Григорий Аросев. Мы разговариваем с вами в 2018 году, но иногда нас охватывает ощущение даже не цикличности истории, а отсутствия какого угодно в чём угодно прогресса, если не наличие регресса — хотя, когда мы начинаем наш диалог, вы находитесь в Новосибирске, куда прилетели из Лондона, я — в итальянском Бриндизи (прилетел из Бонна), где мы оба окажемся на последний репликах, мы не знаем, но живём мы оба на соседних улицах в Берлине. Расстояния в одном измерении исчезают, но с другом, возможно, даже увеличиваются. Мы уезжаем, но мы не уезжаем. Получается, отсутствие возможности покинуть насовсем какое-либо место — признак «нашего времени» (при всей условности этого термина)?

Сергей Невский. Когда я впервые задумался об отъезде из России, а это была весна 1991 года, то всё это так и воспринималось — как разрыв, начало новой жизни и подведение черты под старой. Были пафосные прощальные вечеринки, объятия в Шереметьево и на Белорусском вокзале, откуда уходили поезда в Кёльн, Амстердам или Париж. Коммуникации между двумя мирами не было никакой. В те времена чтобы поговорить с кем-то, живущим, например, во Франции, надо было заказывать разговор через оператора. Когда я впервые поехал на поезде через Варшаву в Дрезден, продавщица билетов в международных кассах на Дмитровке сверяла расписание поездов по огромным книгам, чтобы составить мне маршрут. Для отъезда требовалась выездная виза, а чтобы обменять рубли на разрешённые к провозу двести долларов в единственном банке на Ленинградском шоссе, нужно было три месяца стоять в очереди и отмечаться. Разумеется и в посольствах для получения визы (даже транзитной на двадцать четыре часа, потому что никакого Шенгена не было) тоже нужно было стоять всю ночь. Я помню, как ночевал у немецкого посольства с женщиной- диабетиком, которая делала себе укол, и как ночью пришли жители общежития Университета Дружбы Народов, порвали все списки и устроили альтернативную очередь.

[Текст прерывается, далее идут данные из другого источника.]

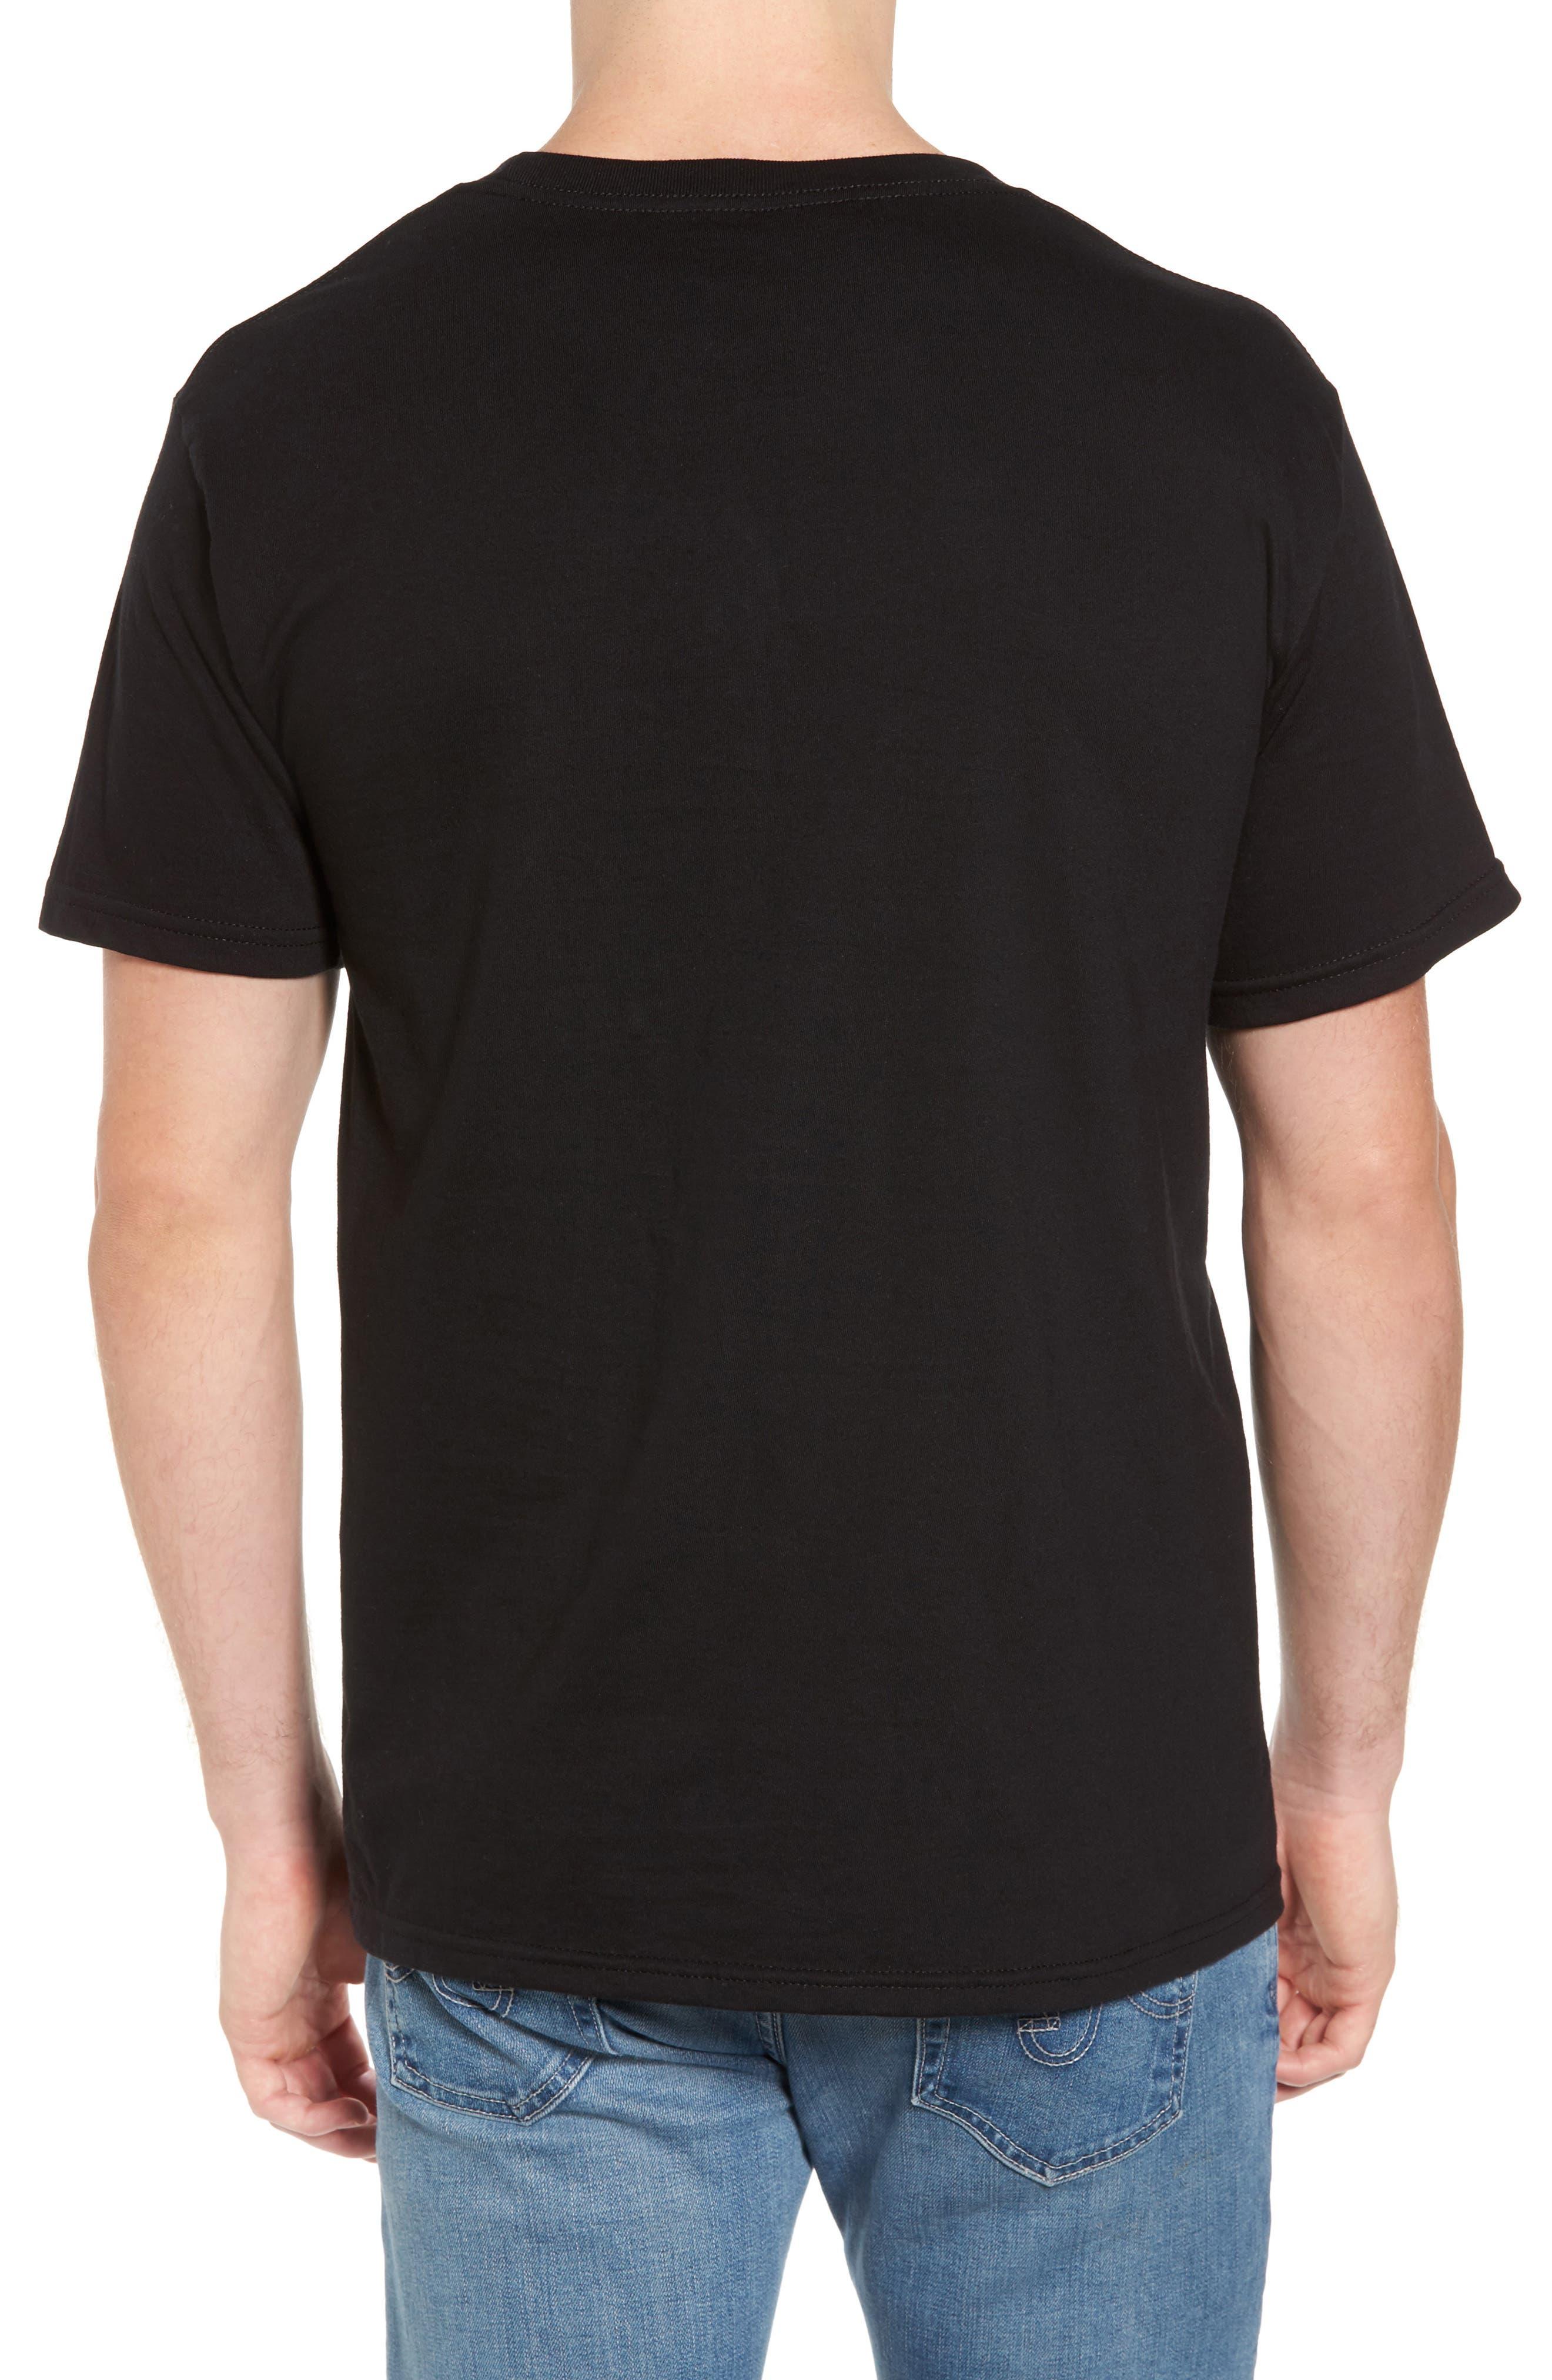 Far Out Cult Graphic T-Shirt,                             Alternate thumbnail 2, color,                             001

Тем временем в Москве творился полный апокалипсис, русские танки ездили по Риге и Вильнюсу, у населения отжали сбережения, рубль упал в десять раз по официальному курсу и по неофициальному тоже, а улицы Москвы патрулировали армия и ОМОН. Было понятно, что ничем хорошим это не кончится, и массовый отъезд был естественной формой реакции на эти события. Поэтому, когда я уезжал учиться в 1992 году, я, конечно, думал, что уезжаю навсегда, думал строить новую жизнь с нуля и совсем не планировал когда-либо работать в России. Я там и не работал до 2005 года. Где-то с середины девяностых люди стали ездить в обоих направлениях, понятие эмиграции видоизменилось, стало расплывчатым. Появилась практика длительных командировок. А после 2001 года вновь появились беженцы и эмигранты, которым нельзя вернуться, потому что на родине на них завели дело, например. Таких людей в последнее время стало очень много.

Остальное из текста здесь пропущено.